What to produce: Please print nothing but the lines from the one containing "Ayrton Senna Wallpaper" to the final line below, exactly, and no pictures.

Collected data:

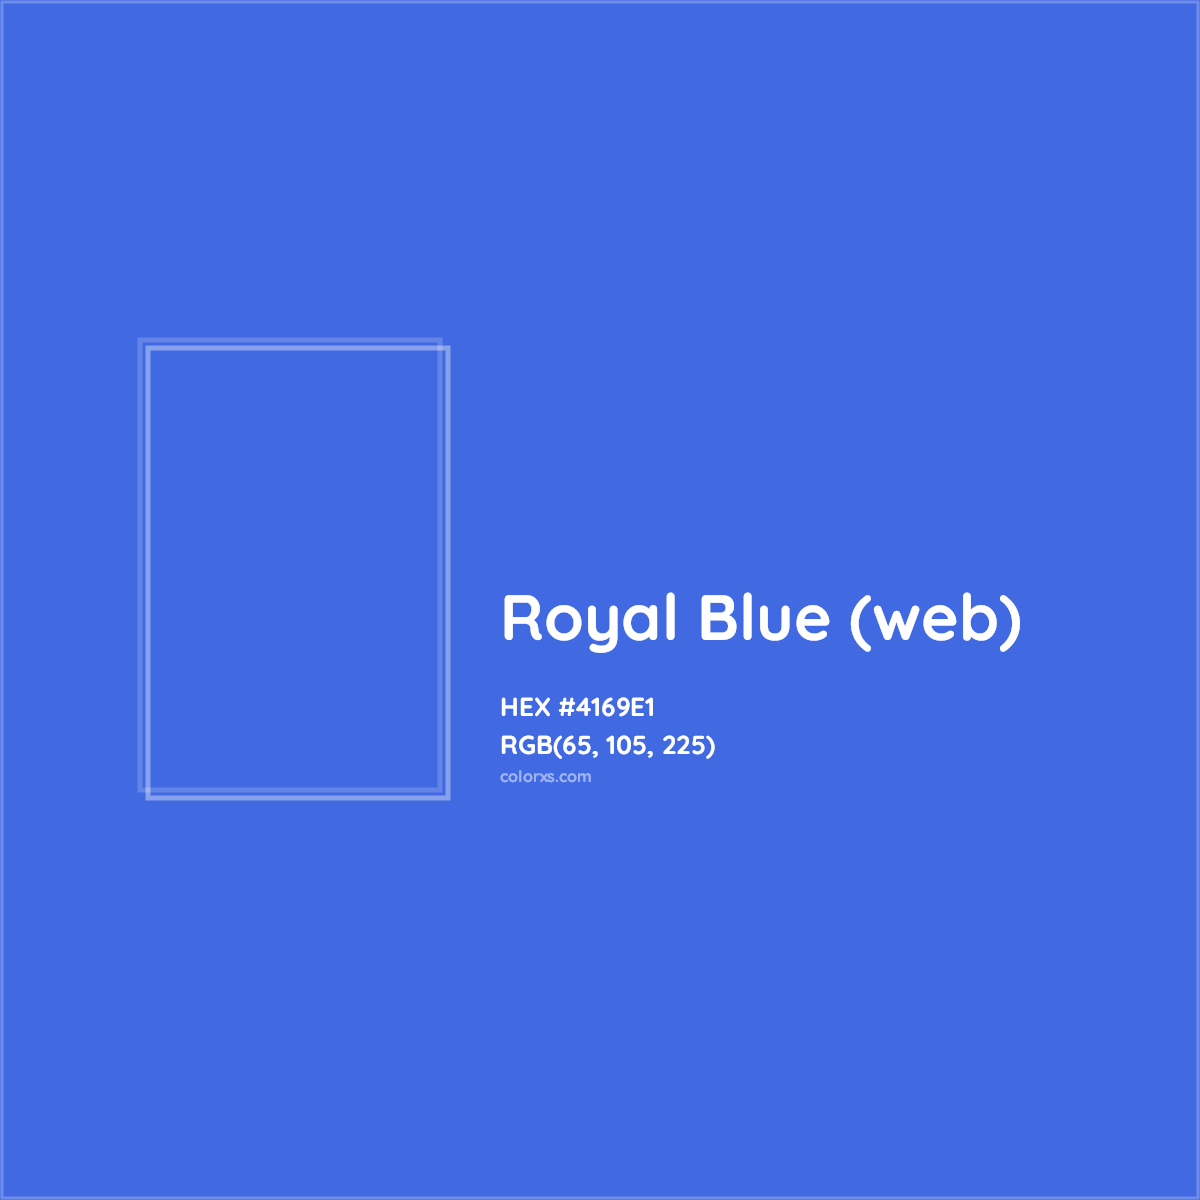 Royal Blue information, Hsl, Rgb
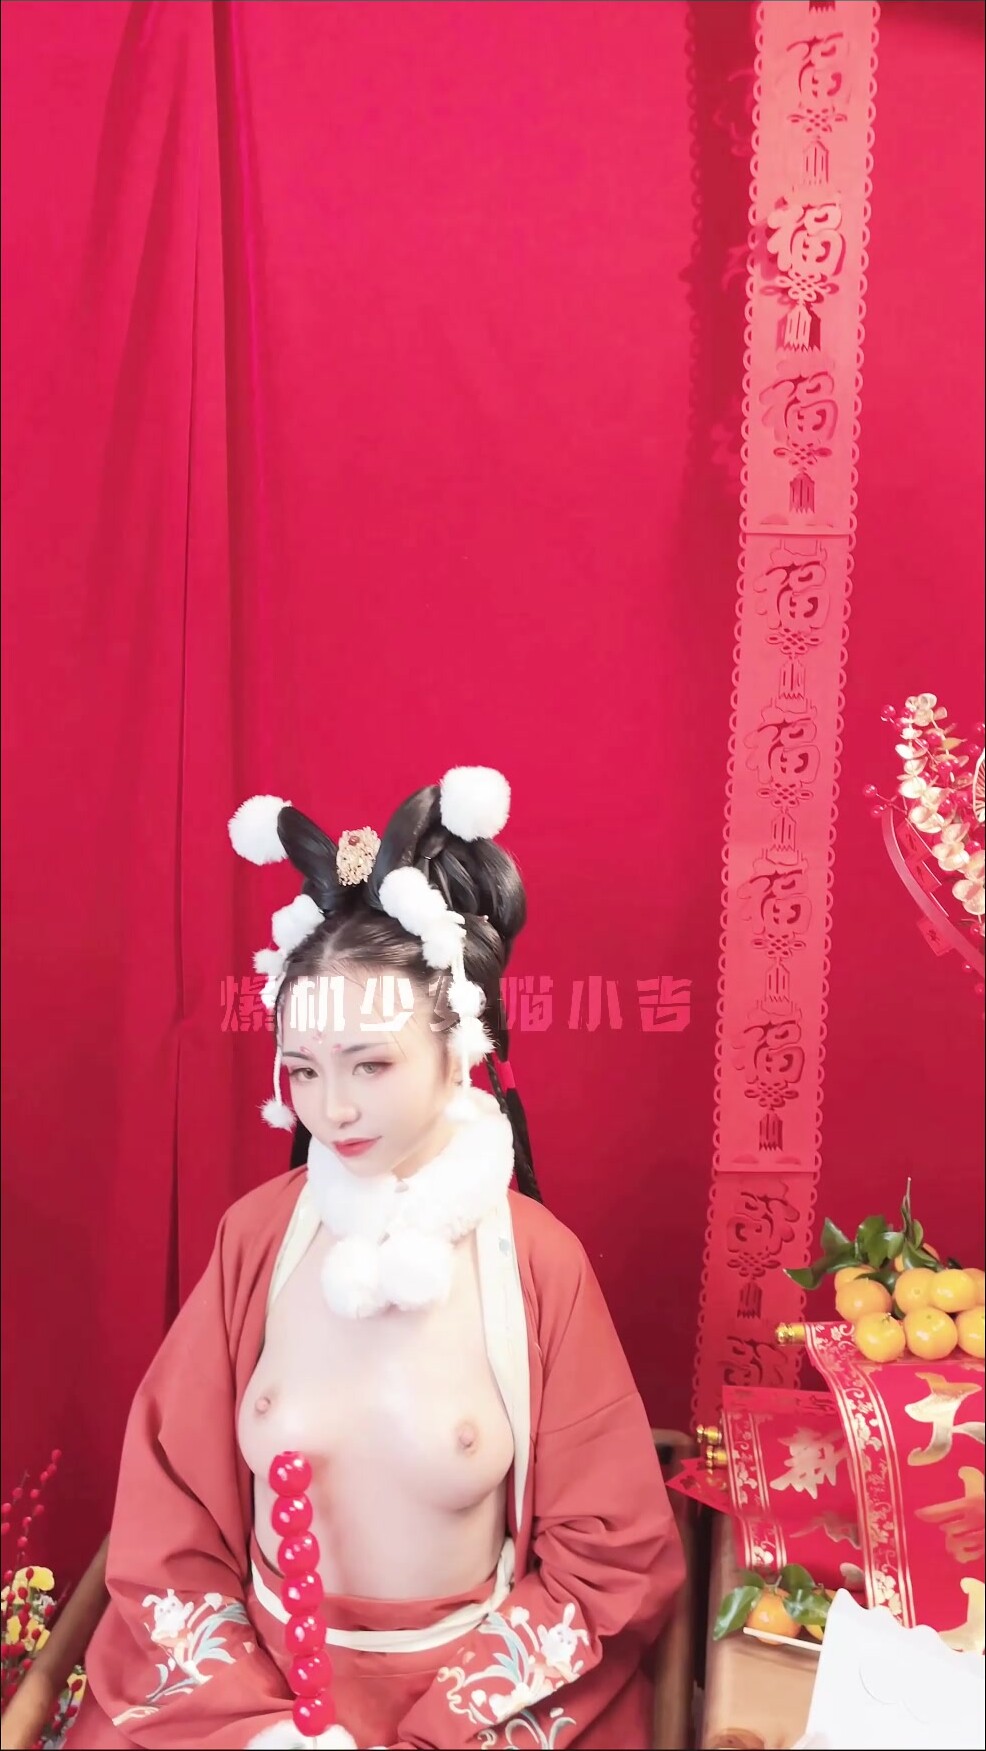 High-end ACG industry goddess popping machine girl ▌Meow Xiaoji ▌Rare T3 member "Jade Rabbit Welcomes Spring" red hot M legs break point dedication 賀慶新春 珍藏必備爆贊!
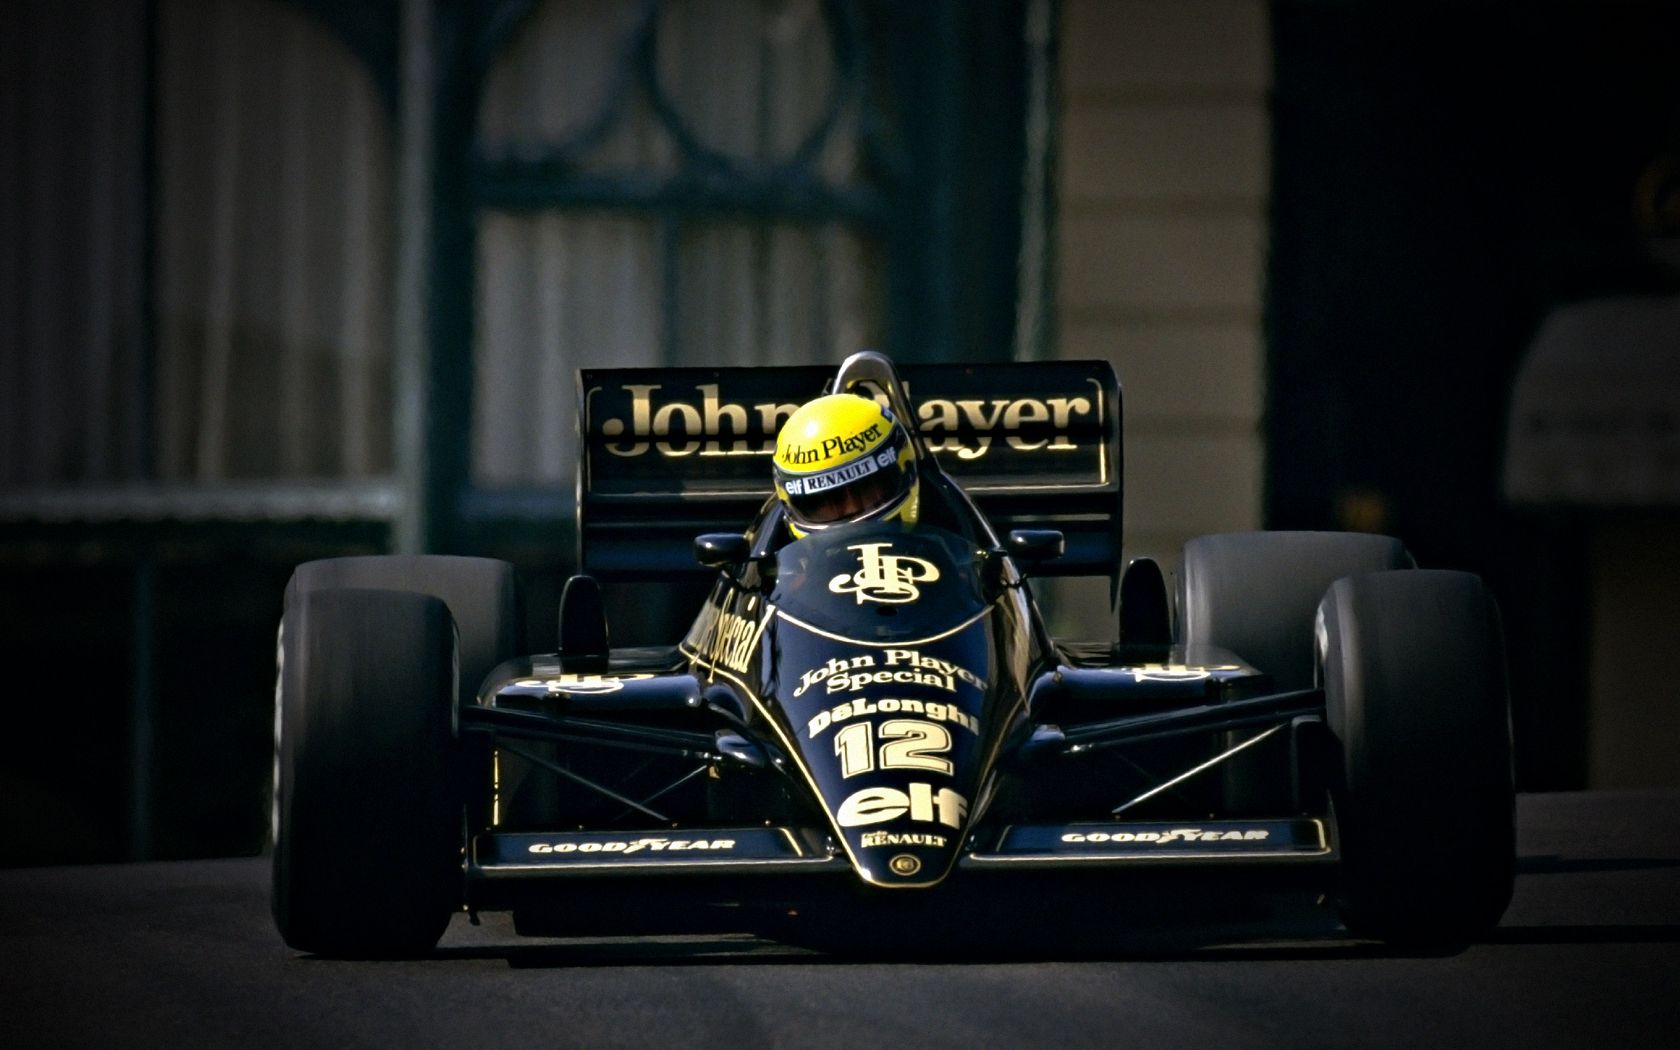 Ayrton Senna Wallpaper Lotus 2 by JohnnySlowhand on DeviantArt
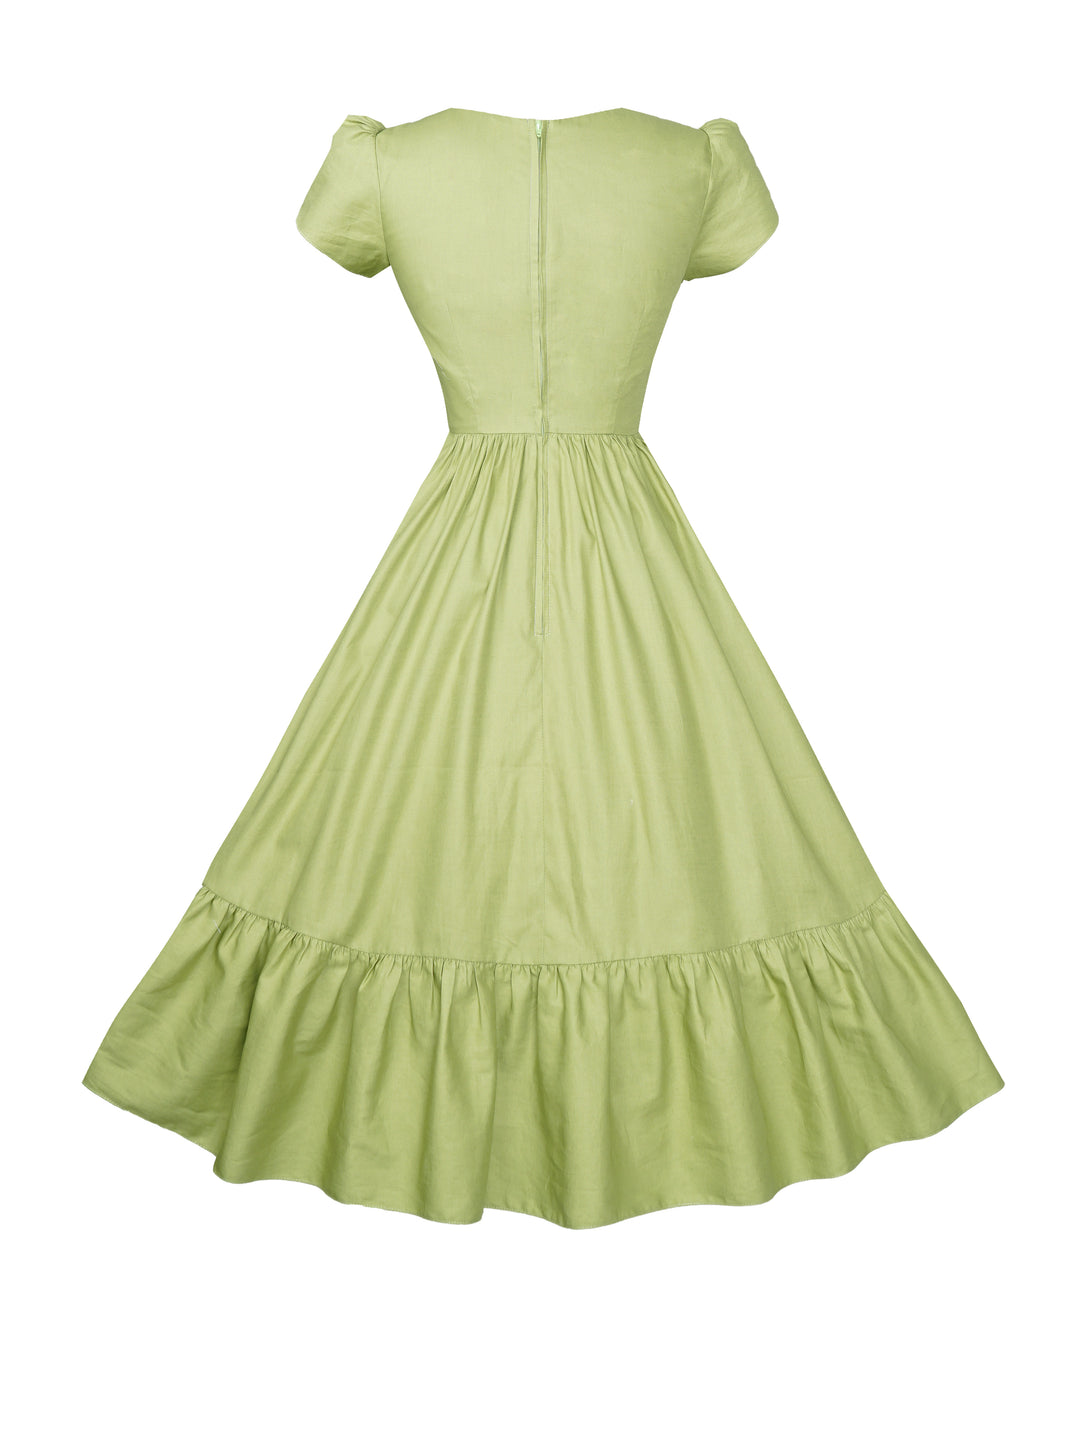 MTO - Ava Dress in Matcha Green Cotton

Answer to this problem:
 Ayrton Senna Wallpaper Lotus 2 by JohnnySlowhand on DeviantArt
 MTO - Ava Dress in Matcha Green Cotton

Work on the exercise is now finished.